STORED DATA ::
━━━━━━━━━━
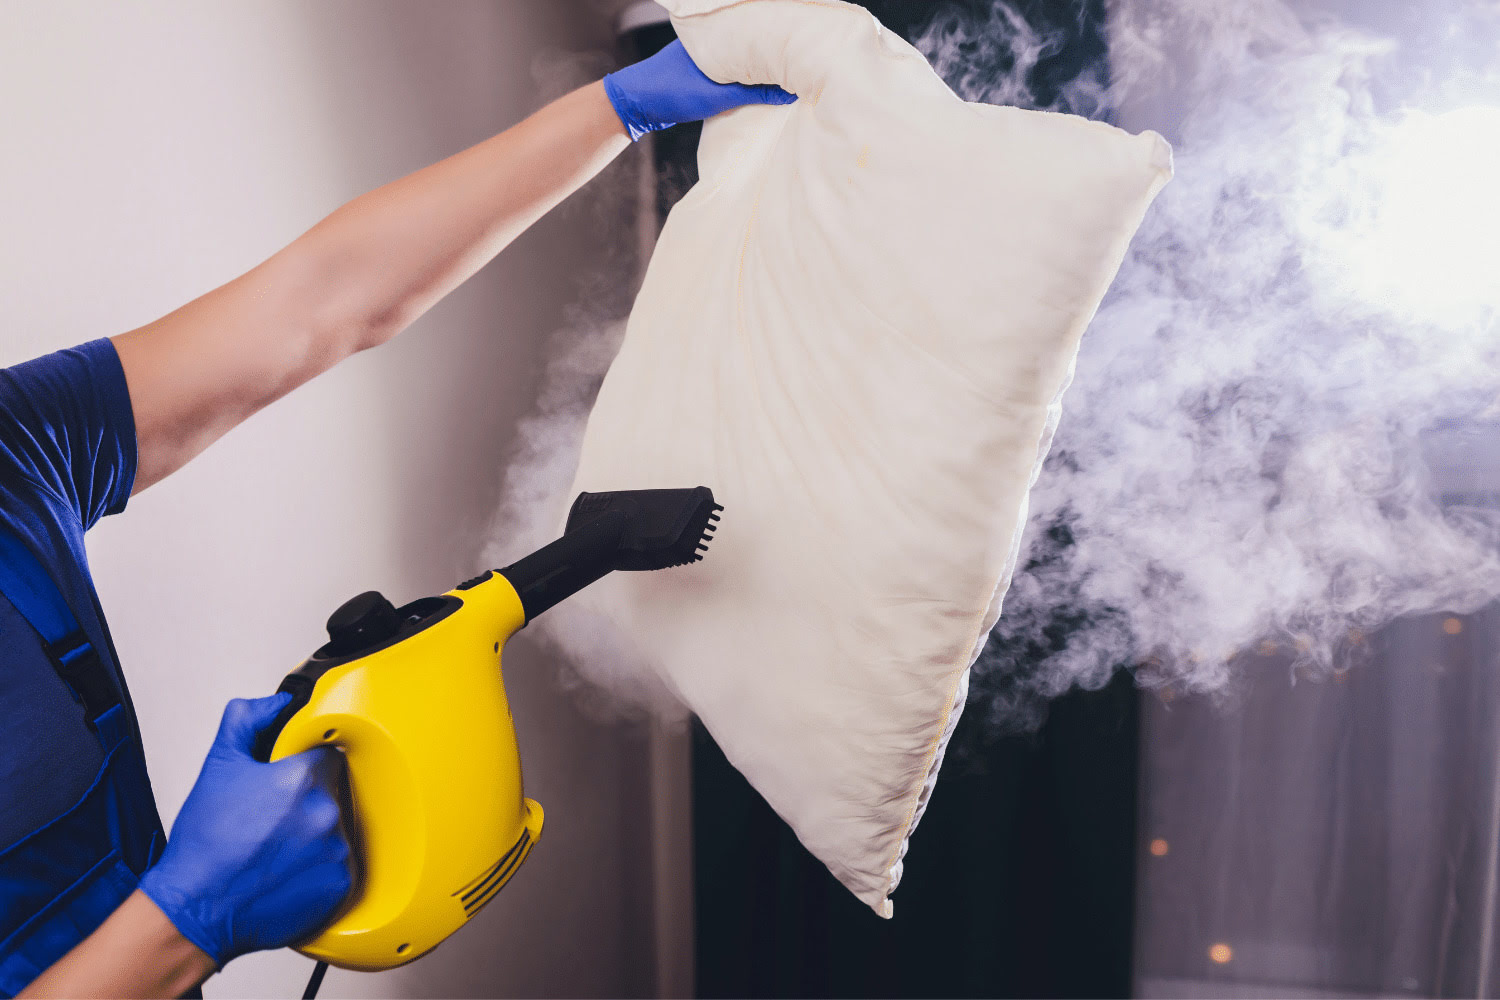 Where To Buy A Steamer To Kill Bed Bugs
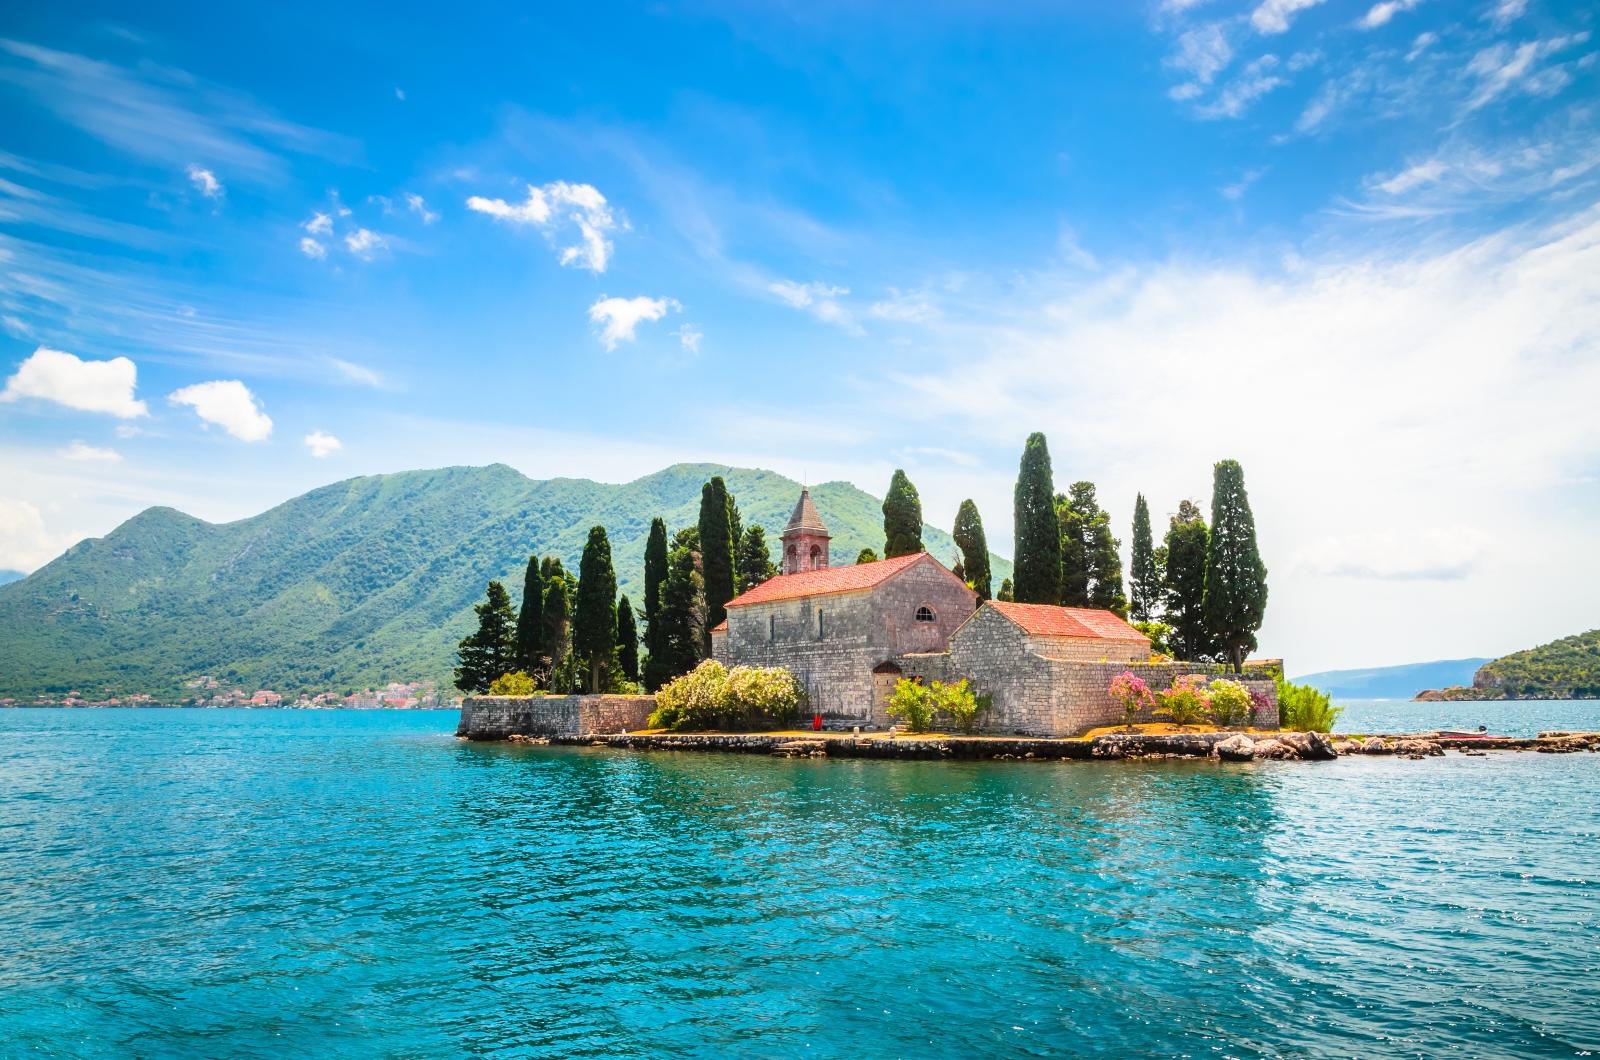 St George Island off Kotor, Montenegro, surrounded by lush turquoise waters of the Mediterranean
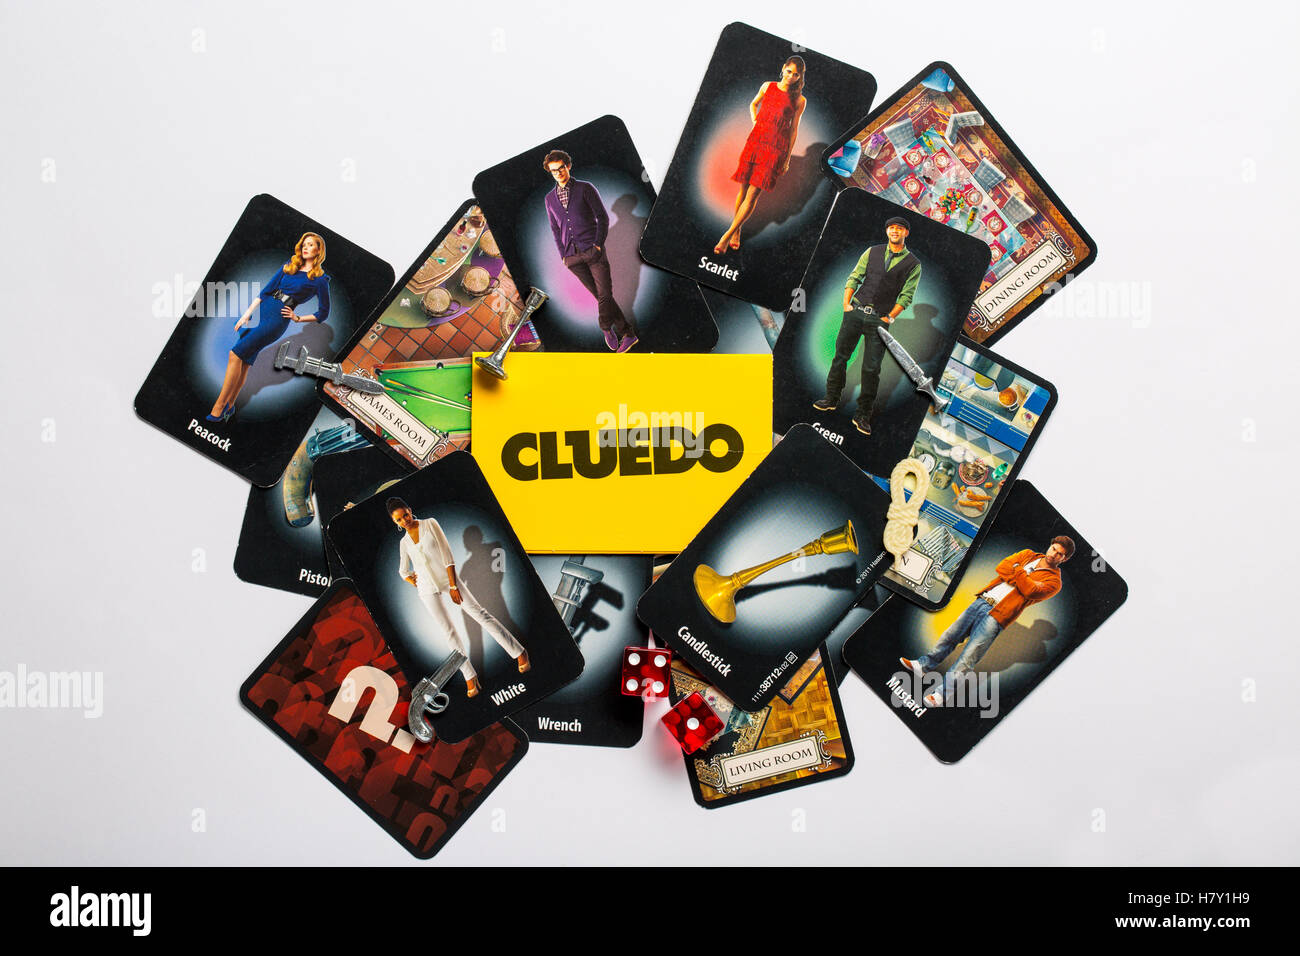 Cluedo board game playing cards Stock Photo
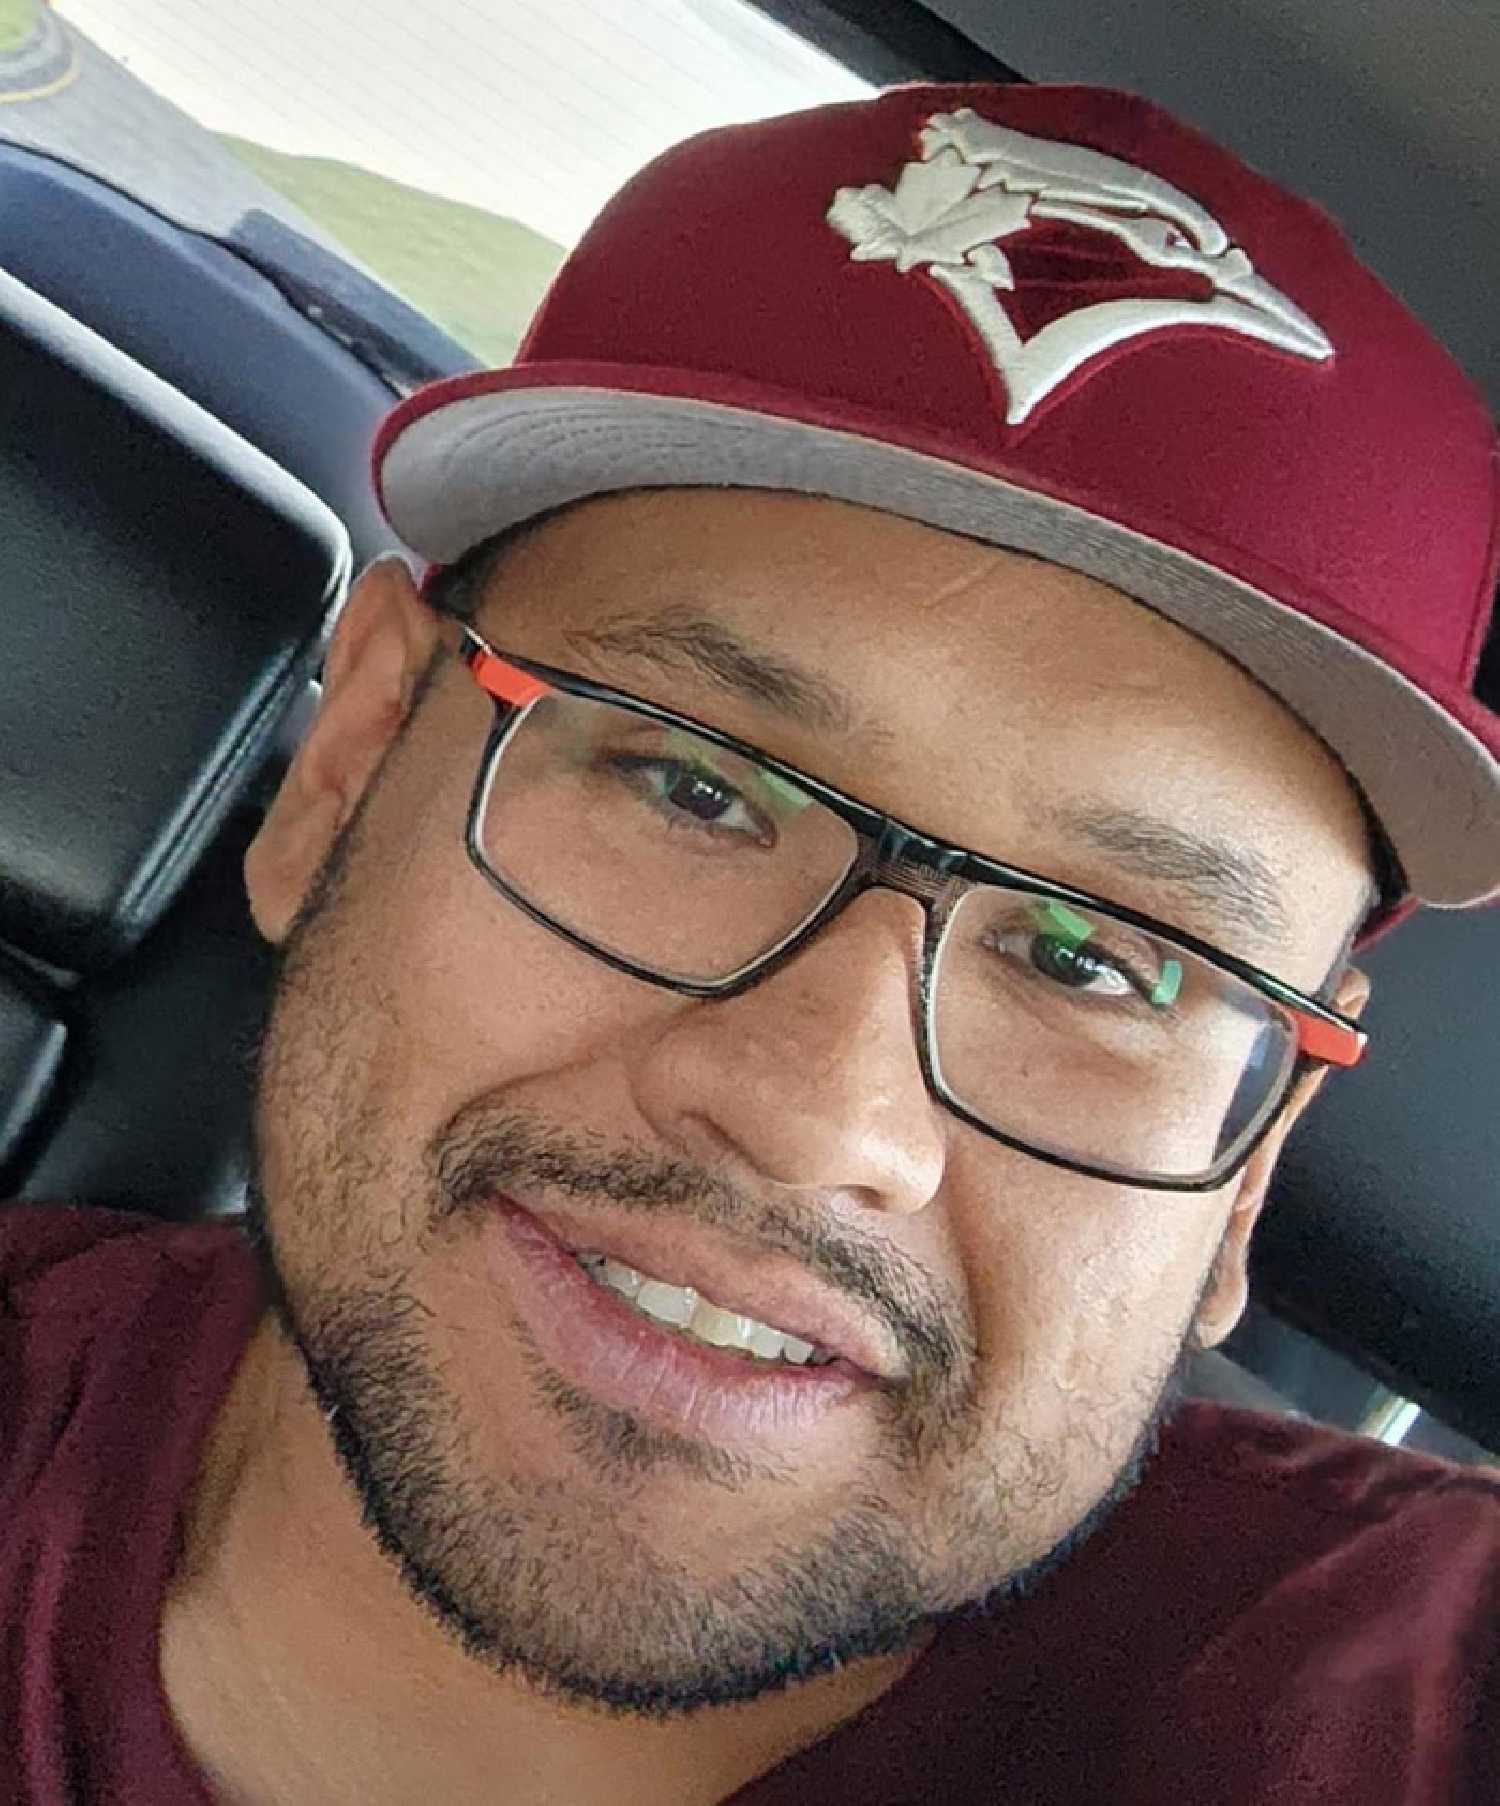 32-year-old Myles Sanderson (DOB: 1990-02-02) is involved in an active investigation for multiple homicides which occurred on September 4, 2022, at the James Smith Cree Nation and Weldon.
━━━━━━━━━━
REQUIREMENT :: Pictures are to be dropped, and the remaining data set down exactly.

ANSWER TO THE EXERCISE ::
 Where To Buy A Steamer To Kill Bed Bugs
 St George Island off Kotor, Montenegro, surrounded by lush turquoise waters of the Mediterranean
 Cluedo board game playing cards Stock Photo
 32-year-old Myles Sanderson (DOB: 1990-02-02) is involved in an active investigation for multiple homicides which occurred on September 4, 2022, at the James Smith Cree Nation and Weldon.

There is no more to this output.